__WHAT IS NEEDED__
For the entries below, report every line that includes the word "ISOFIX".

__GIVEN INFORMATION__
----------------------------------------

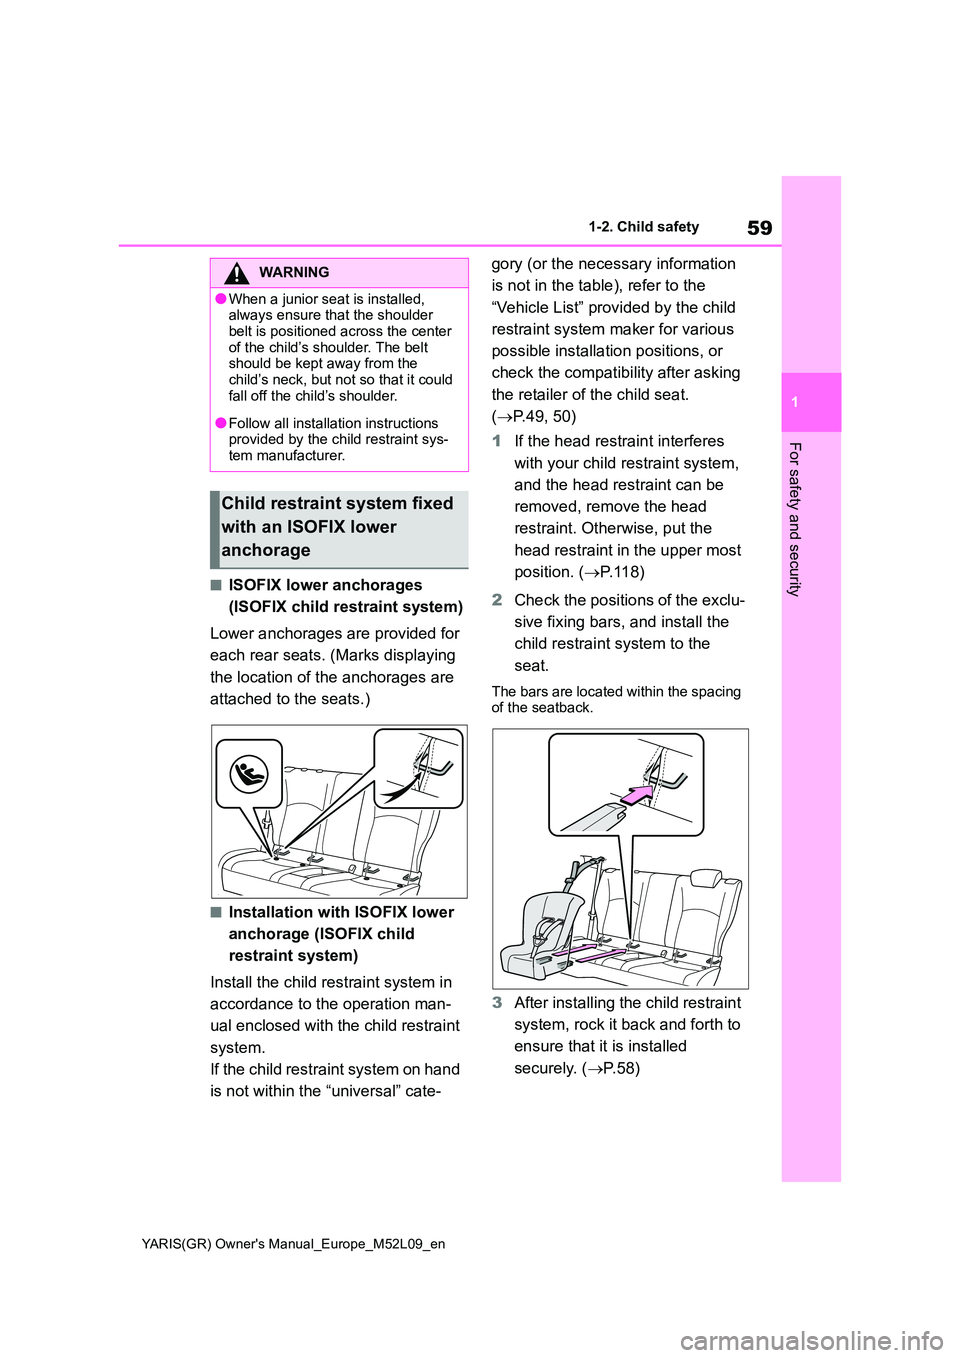 TOYOTA GR YARIS 2020  Owners Manual 59
1
YARIS(GR) Owners Manual_Europe_M52L09_en
1-2. Child safety
For safety and security
■ISOFIX lower anchorages  
(ISOFIX child restraint system) 
Lower anchorages are provided for  
each rear sea
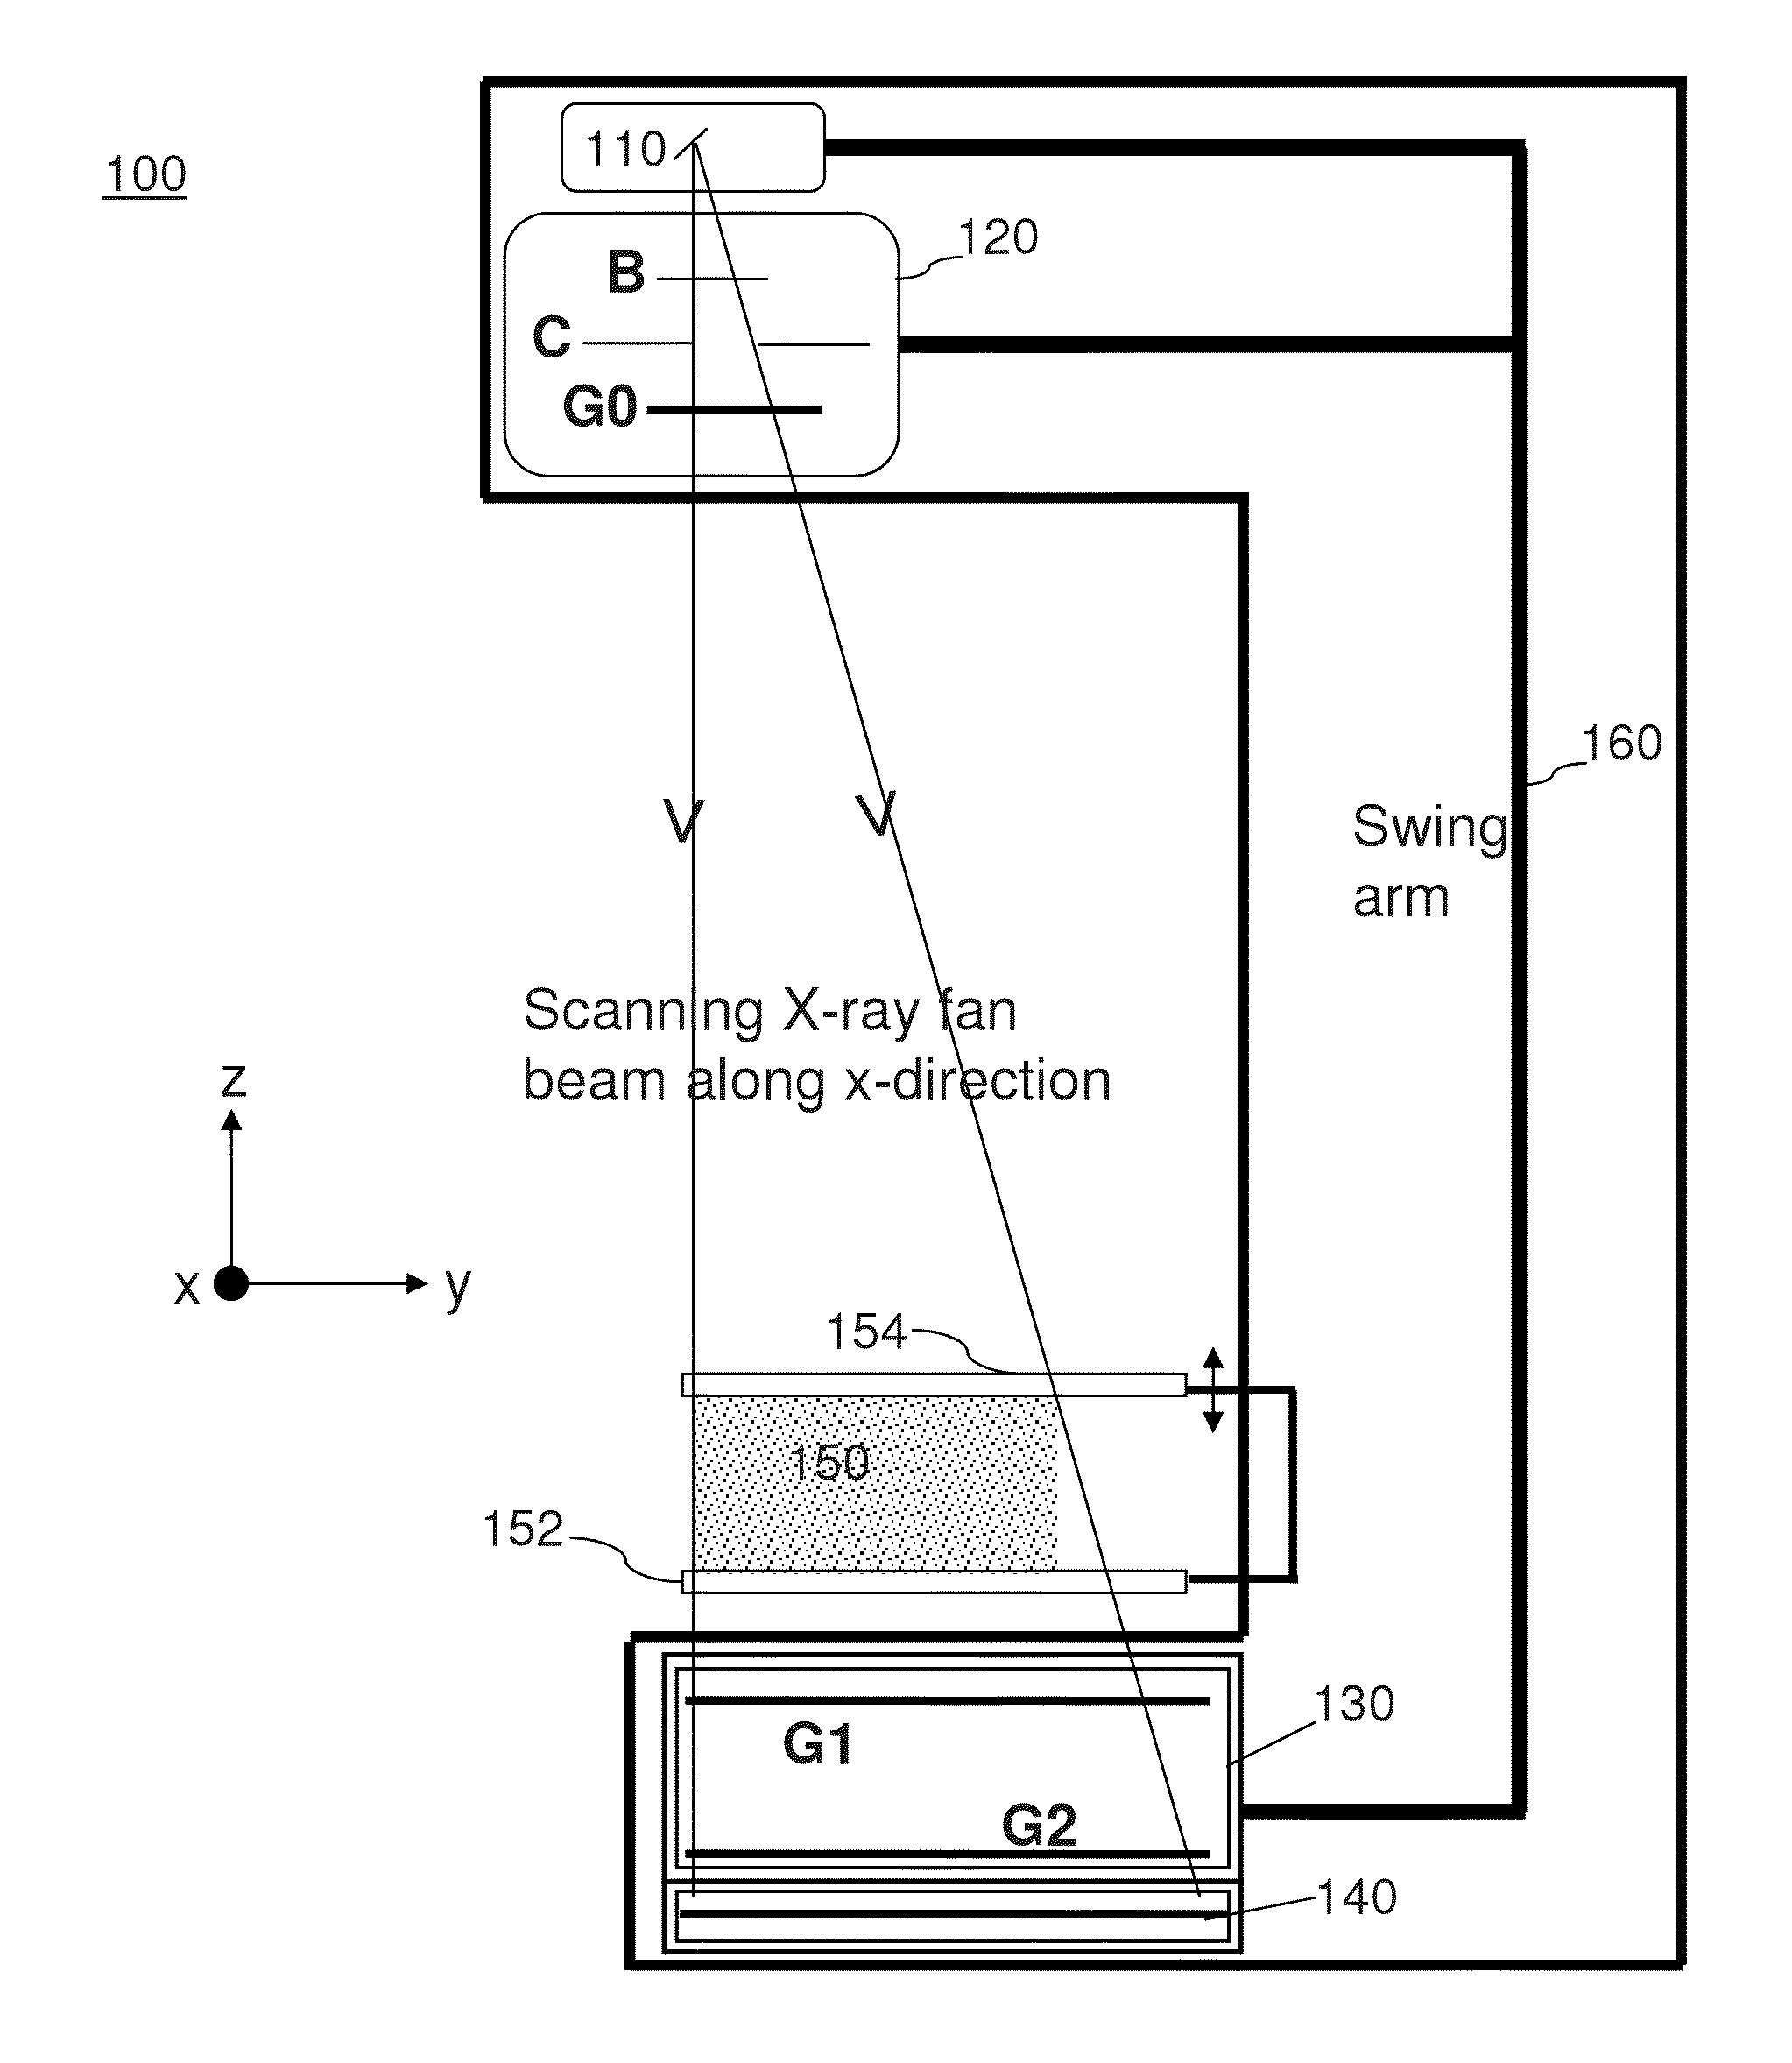 Grating-based differential phase contrast imaging system with adjustable capture technique for medical radiographic imaging
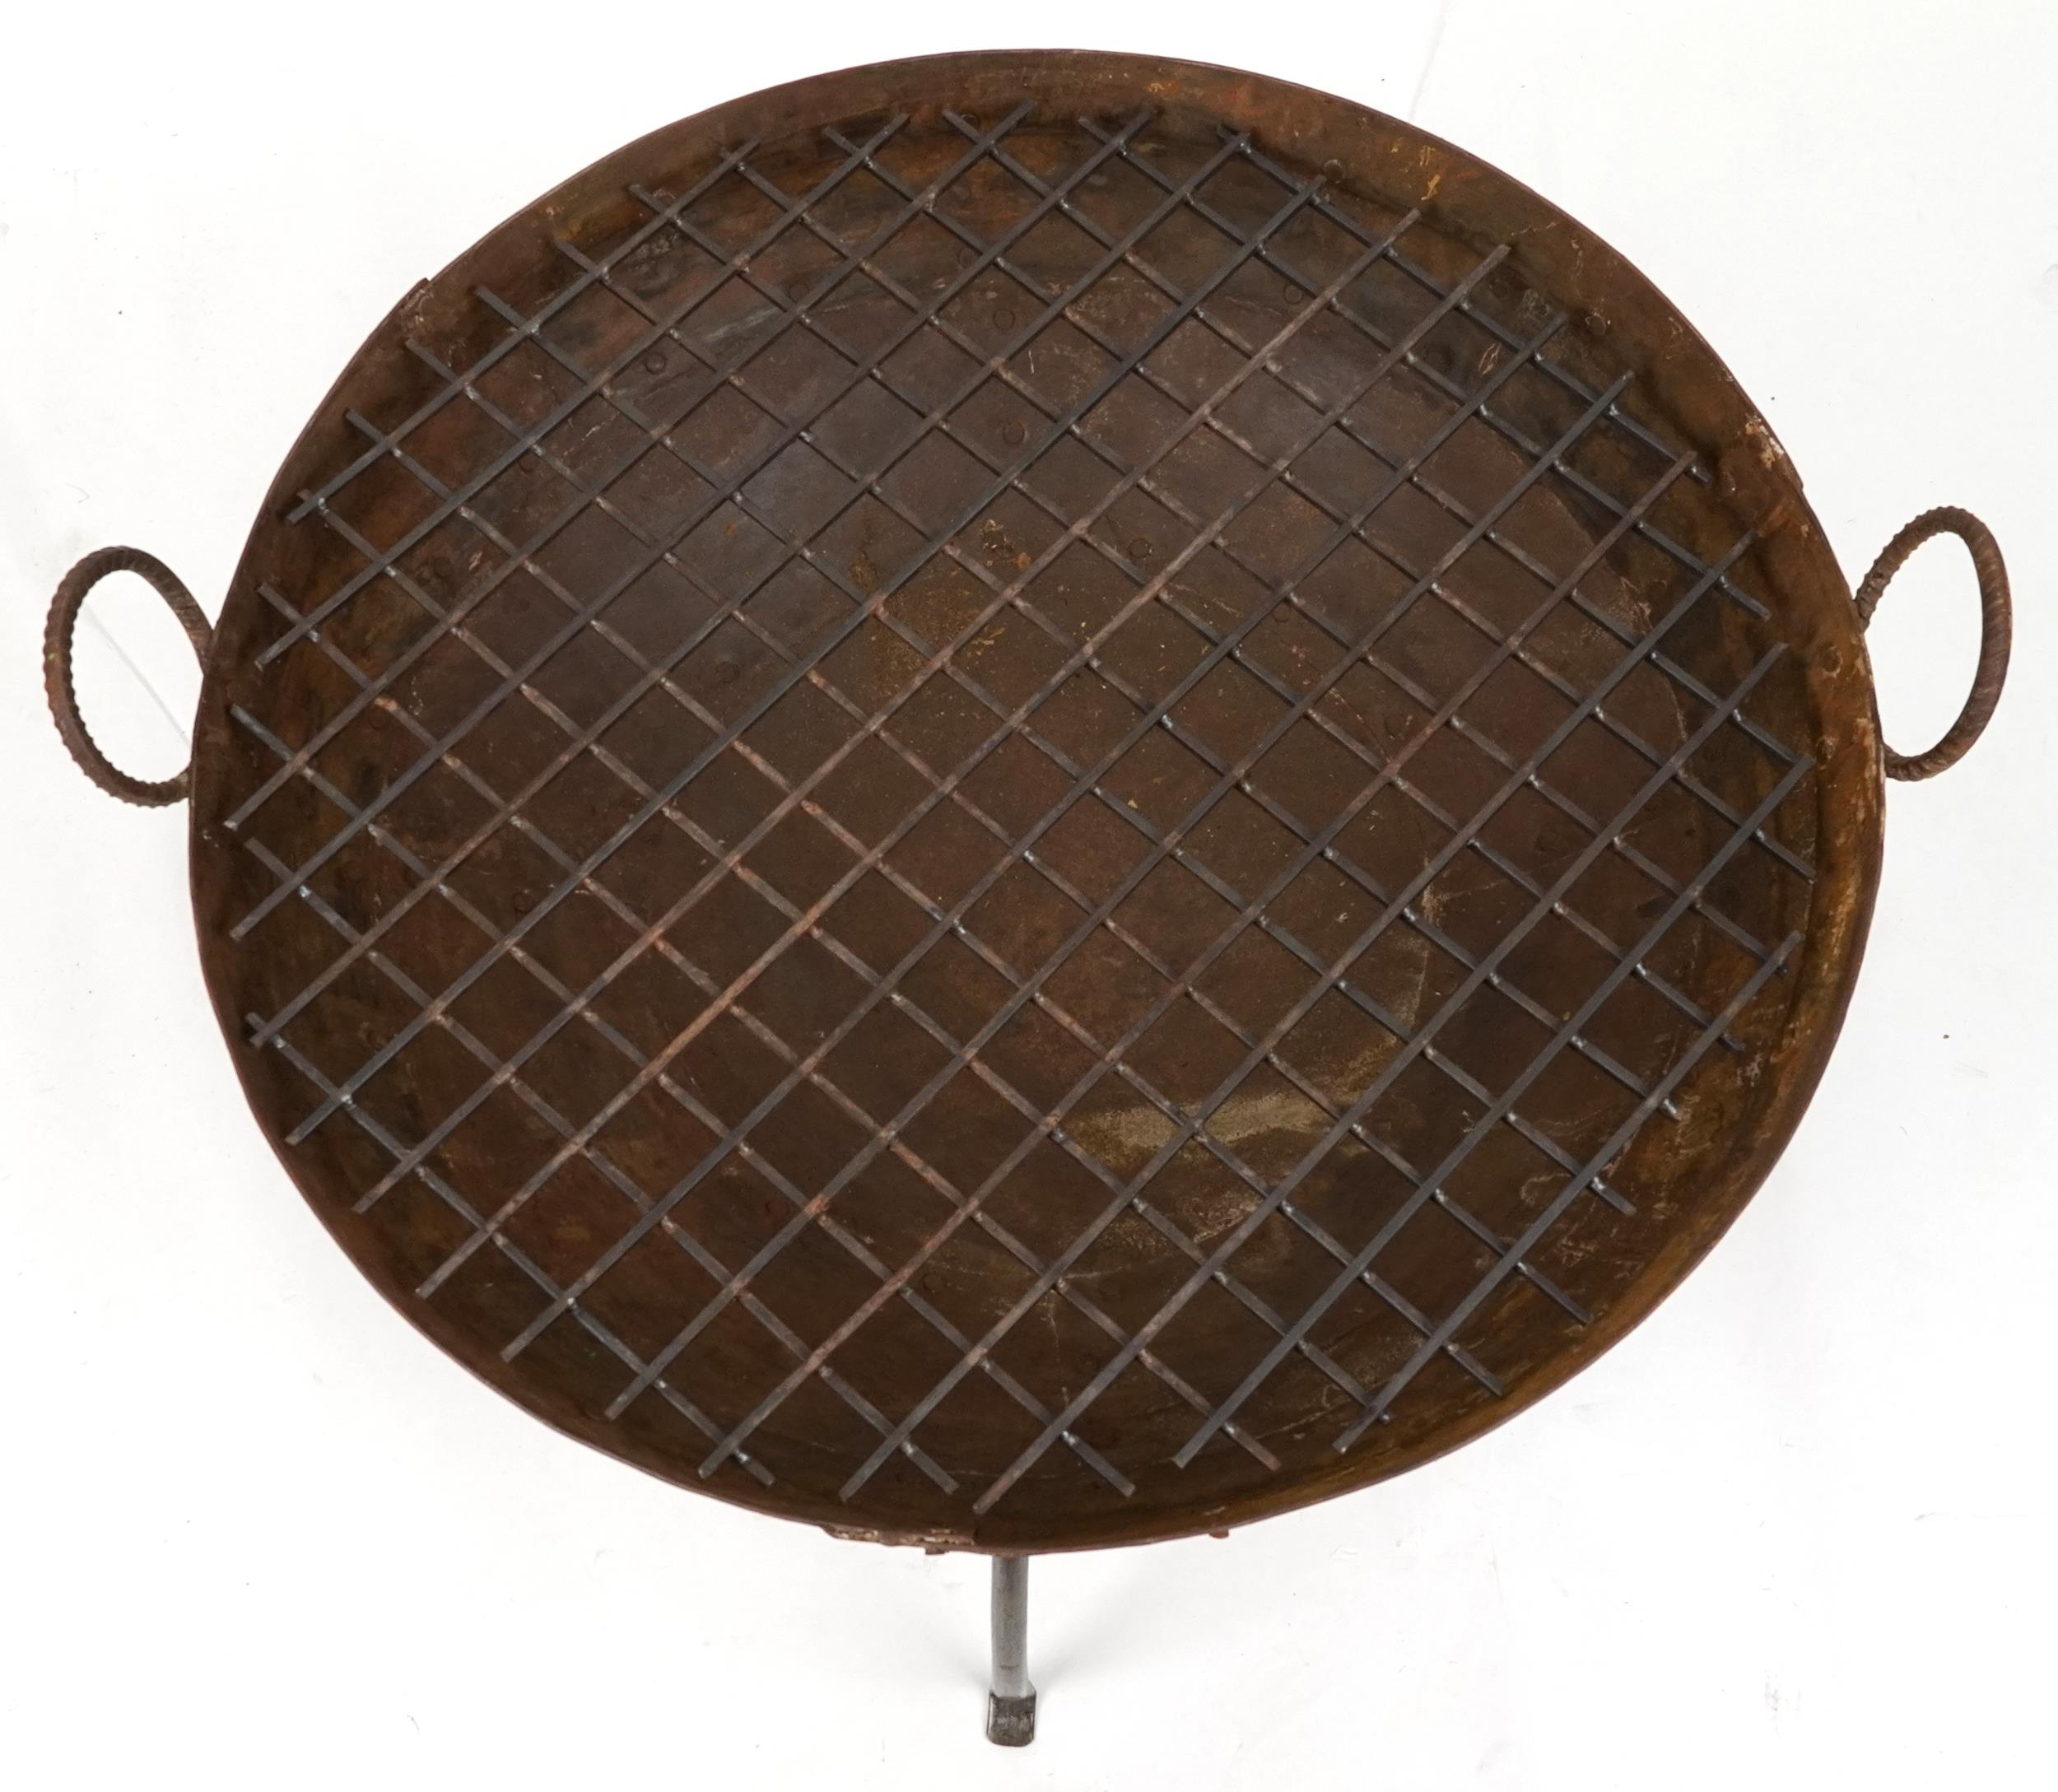 Cast metal firepit with twin handles and grill on tripod stand, 50cm high x 90.5cm in diameter - Image 2 of 3

----------------------------------------

__EXERCISE RESPONSE__
■ISOFIX lower anchorages  
(ISOFIX child restraint system) 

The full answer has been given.